Si se pone la atención solo en los cómics exclusivamente dedicados al período medieval, a partir de los años 60 del siglo XX es cuando comienzan a publicarse obras que empiezan a manifestar mayor rigurosidad en sus textos e imágenes. Son obras publicadas en Europa, principalmente por la escuela franco-belga, frente a las poderosas industrias del cómic norteamericanas o japonesas, donde la ambientación histórica fue un elemento predominante. En este nuevo contexto destacan las obras belgas Ramiro ­-1976-, de Stoquart y Vance, ambientada en la Castilla de los siglos XII y XIII, o Jehn -1978-, de Martín y Players, que desarrolla su narración durante la segunda mitad del siglo XV, a través de los ojos de Jhen Roque, amigo de Gilles de Rais y compañero de Juana de Arco. Este tipo de obras desembocaron en la creación de la revista Vecú, en 1985, que se dedicó a la publicación de cómics históricos, rigurosos y de calidad (Gallo León y Játiva Miralles, 2009, pp. 237-238). En los últimos años han aparecido un mayor número de obras de temática medieval, entre los que destacan varios cómics españoles, como los basados en la historia del territorio del antiguo reino astur-leonés, como La crónica de Leodegvndo de Gaspar Meana González -2001- o Domno. La vida de Gonzalo Pélaez de Javier Antonio Marinas García -2005- (Galván Freile, 2008, pp. 136-138). Usualmente son los episodios militares de la historia los que reciben una mayor atención por parte de los autores, ya que se busca el atractivo de los conflictos armados como catalizador de la acción. Los protagonistas así se enfrentan a desafíos reales, incluyendo villanos y situaciones traumáticas, que favorecen su conversión en héroes, siguiendo el esquema clásico de la progresión de dicha figura arquetípica (Campbell, 2018). La Reconquista en particular ha inspirado a numerosos autores españoles y extranjeros. Ejemplos de ello, algunos cómics dedicados a la figura del rey de Aragón Jaime I, 1229. Jaime I el Conquistador, de Oriol García Quera -2019-, el Cid Campeador, un clásico muy riguroso en cuatro volúmenes de Antonio Hernández Palacios –reeditado en 2015-, o, finalmente, 1212. Las Navas de Tolosa, de Jesús Cano de la Iglesia -2016-.

Nunca hay que desdeñar el valor intrínseco de la imagen, que puede transmitir un mensaje de manera directa. La iconicidad del cómic es importante para el acercamiento a numerosos conceptos complejos.

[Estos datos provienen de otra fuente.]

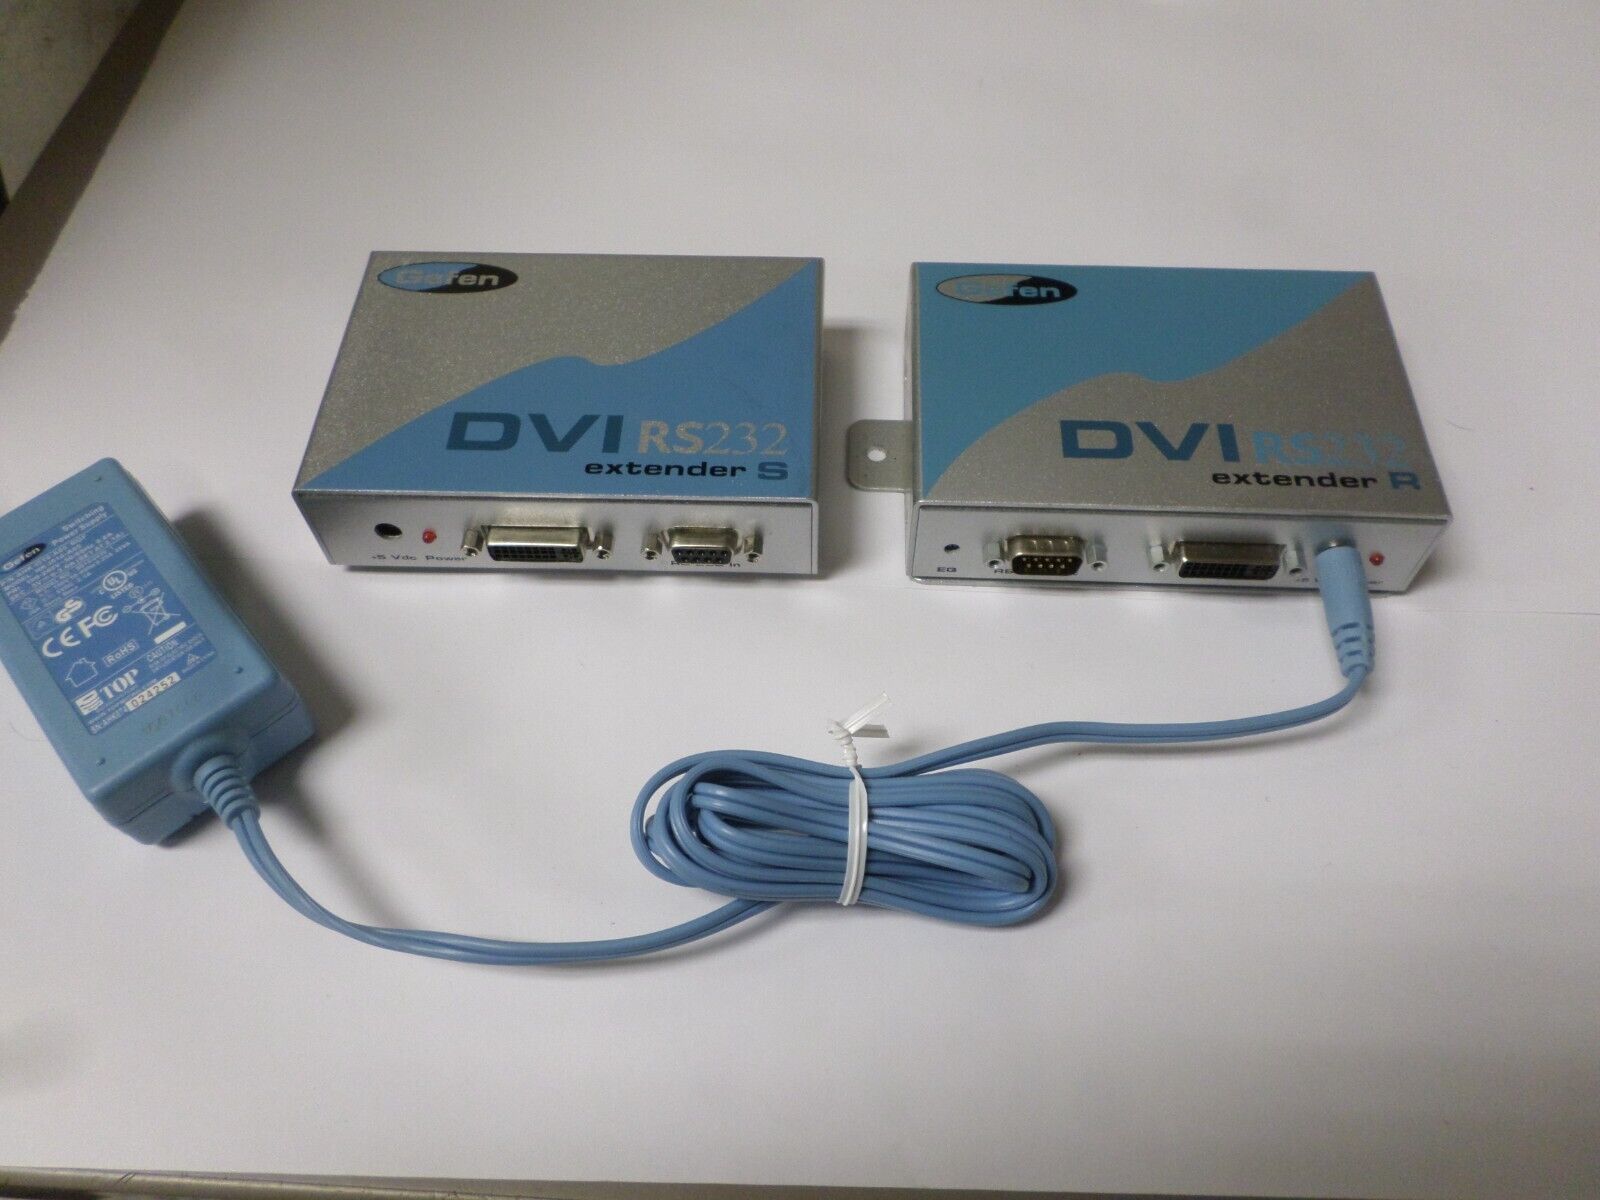 Lot of 2 Gefen DVI RS-232 Cat-5 Extenders, One (S), One (R)
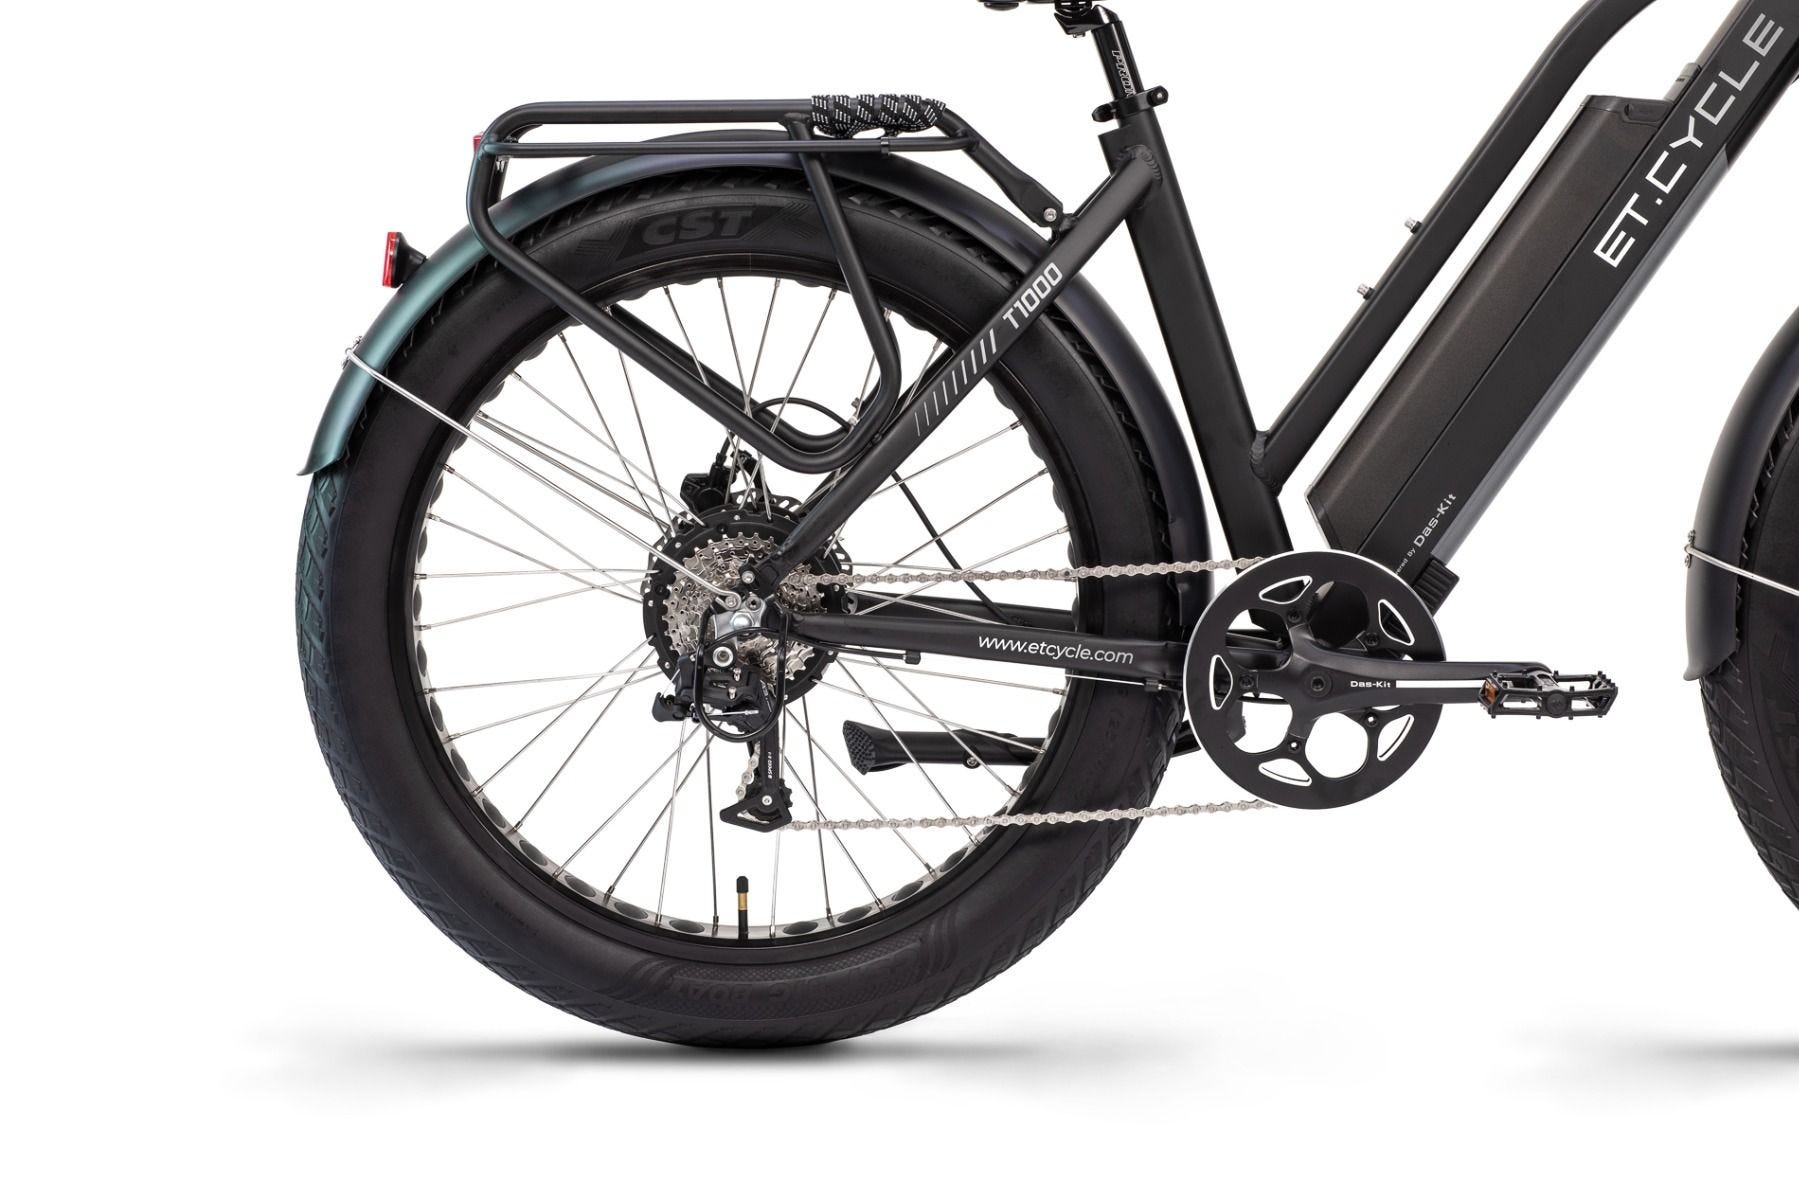 ET Cycle T1000 Electric Fat Tire Bike

Feudalismo, monarquía, cruzadas, religiosidad, nobleza, conceptos íntimamente vinculados a la Historia Medieval cuya comprensión, irónicamente, sigue siendo igual de inaccesible en ocasiones para el alumnado como hace medio siglo. Nada extraña si se tiene en cuenta que todavía siguen causando encendido debate entre los especialistas (Valdeón, 1996; Sabaté y Farré, 2004).

Para comprender las posibilidades didácticas de este género literario se puede remitir la cuestión a un gran apologeta del valor del estudio de los comics en sí mismos y por sí mismos, Scott McCloud. Para este autor, los comics, por definición, son icónicos, puesto que representan elementos reconocibles de inmediato, pero que sin embargo pueden ser incluso cercanos a la abstracción: se puede automáticamente reconocer una cara humana, sin embargo, esta puede componerse de apenas unas líneas esbozadas, pero nadie dejaría de reconocer en dicha representación un rostro, dotado de personalidad, independientemente del estilo artístico. Un elemento, historia o narración representada de manera icónica es asimilada por la mente a varios niveles, y ofrece una comprensión inmediata, lo cual, por otro lado, puede no ocurrir con la palabra escrita (McCloud, 1994, pp. 26-59). El valor de la imagen en sí misma no es un elemento nuevo: en la Edad Media el valor de lo visual era omnipotente, ya que los códigos visuales universalmente comprendidos incluían, incluso, el color de la vestimenta o los gestos (Le Goff, 2013). El cómic, medio eminentemente visual, pero a medio camino entre la narrativa escrita tradicional y la narrativa en movimiento del cine, ofrece un alto valor simbólico, que, por tener dicho potencial icónico, se convierte en un elemento pedagógico viable.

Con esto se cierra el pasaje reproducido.